The focus of Hussein et. al. v. State, as in CFE, is how much spending is enough to qualify as “sound” and “basic.” In their original court filing, the plaintiffs claimed funding levels in their childrens’ districts were “grossly inadequate” to meet the CFE standard, giving rise to an “opportunity gap” the courts must remedy.
As it happens, the U.S. Census Bureau just last week issued the 2010 update to its Public Elementary-Secondary Education Finance Data series, which covers every state and school district in the country. Once again, New York was at the top of the list, spending $18,618 per pupil– 75 percent above the national average. By national standards, the small cities involved in the CFE-related lawsuit are also big spenders. For example, the Albany City School District, where lead plaintiff Ayube Hussein’s child attends school, spent above the statewide average, at $19,457 per pupil in 2009-10. That was high enough to rank in the 95th percentile nationally, and in the upper one-third within New York State.
What the court did
The ruling was only procedural, disposed of in two sentences, but that didn’t stop three of the seven judges from filing their own opinions reflecting continuing sharp divisions on the school funding doctrine as it was developed in Court of Appeals decisions between 1995 (CFE I), 2003 (CFE II) and 2006 (CFE III).

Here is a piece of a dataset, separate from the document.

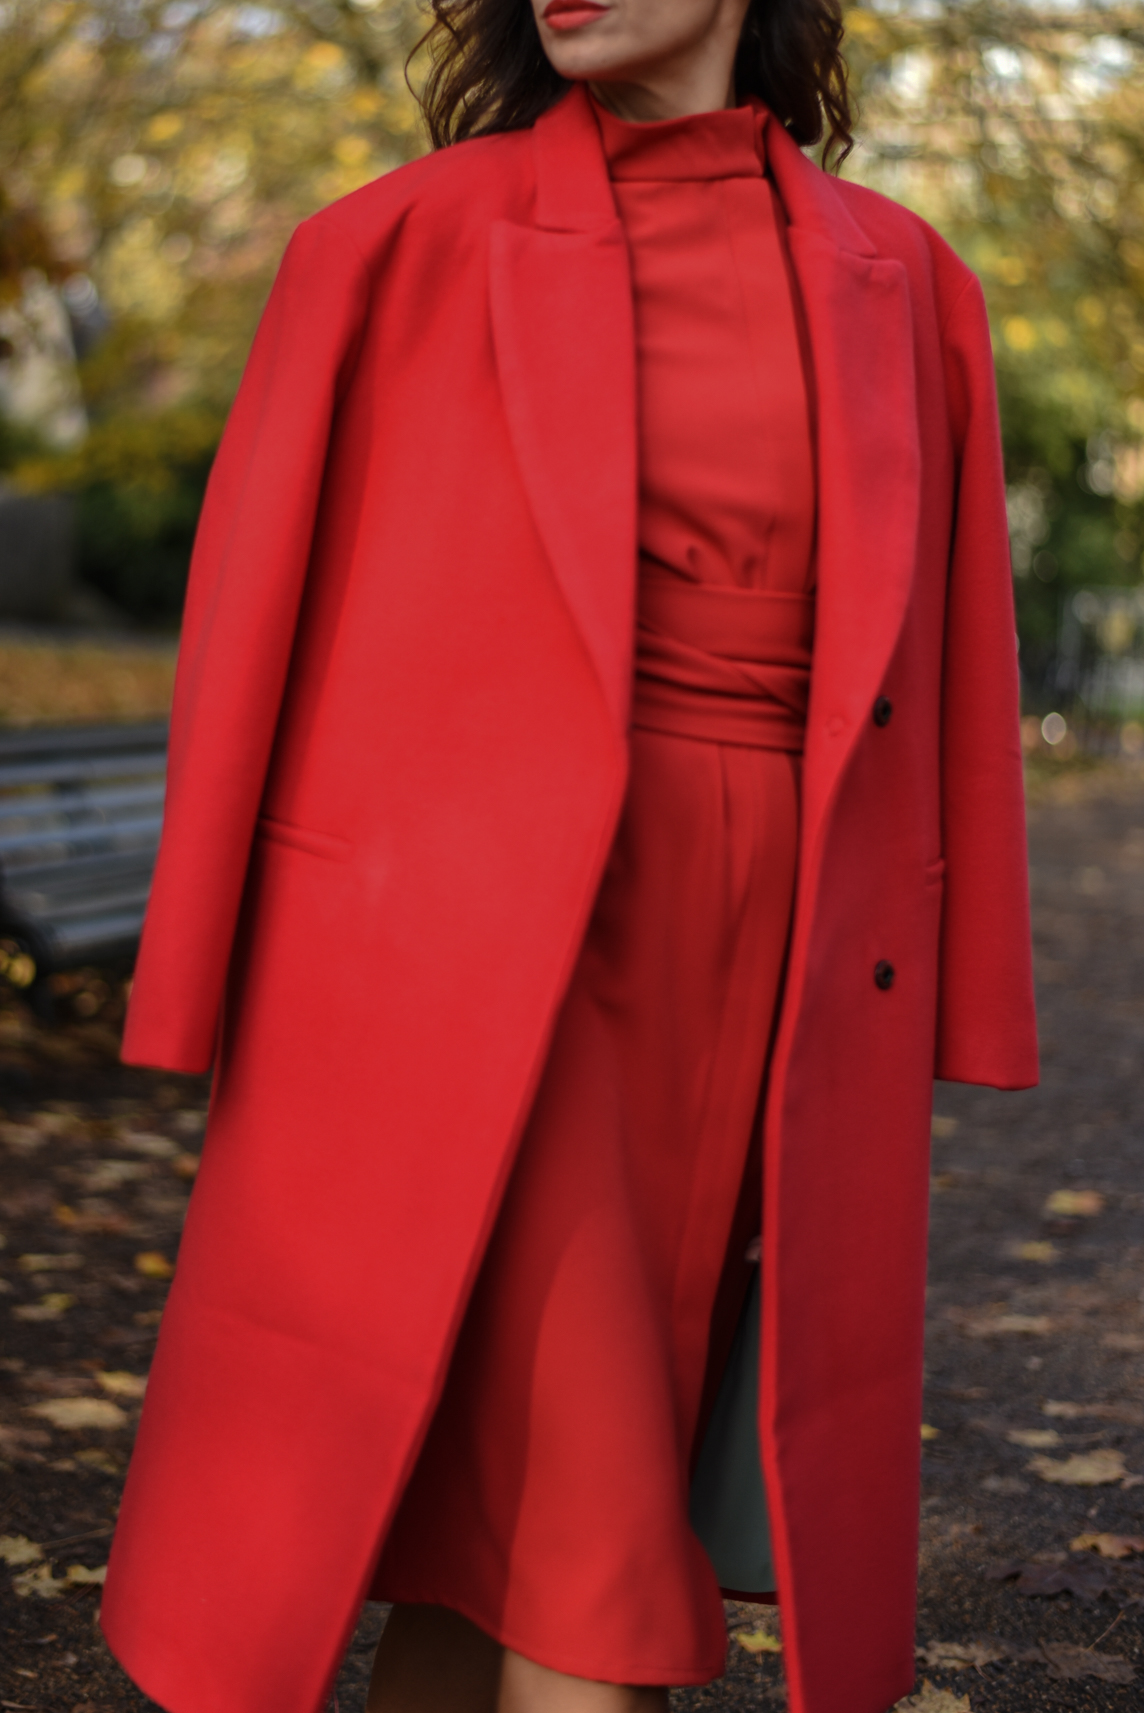 el-blog-de-silvia-invitada-perfecta-boda-abrigo-rojo-pintini

Judge Carmen Ciparick wanted to make it clear that she’s a huge fan of CFE I, which established the “sound basic” standard for funding adequacy. She called it “good law,” signalling that she’s ready to take a very expansive view of the court’s right to dictate funding levels:
If we declare that a sound basic education consists only of what the Legislature and Executive dictate, the scope of the State’s constitutional duty under the Education Article and, conversely, the scope of the constitutional rights of our schoolchildren, is limited to what those branches say it is. Abandoning CFE I would not only entrust the Legislature and Executive with the decidedly judicial task of interpreting the meaning of the Education Article but cast them in the role of being their own constitutional watchdogs.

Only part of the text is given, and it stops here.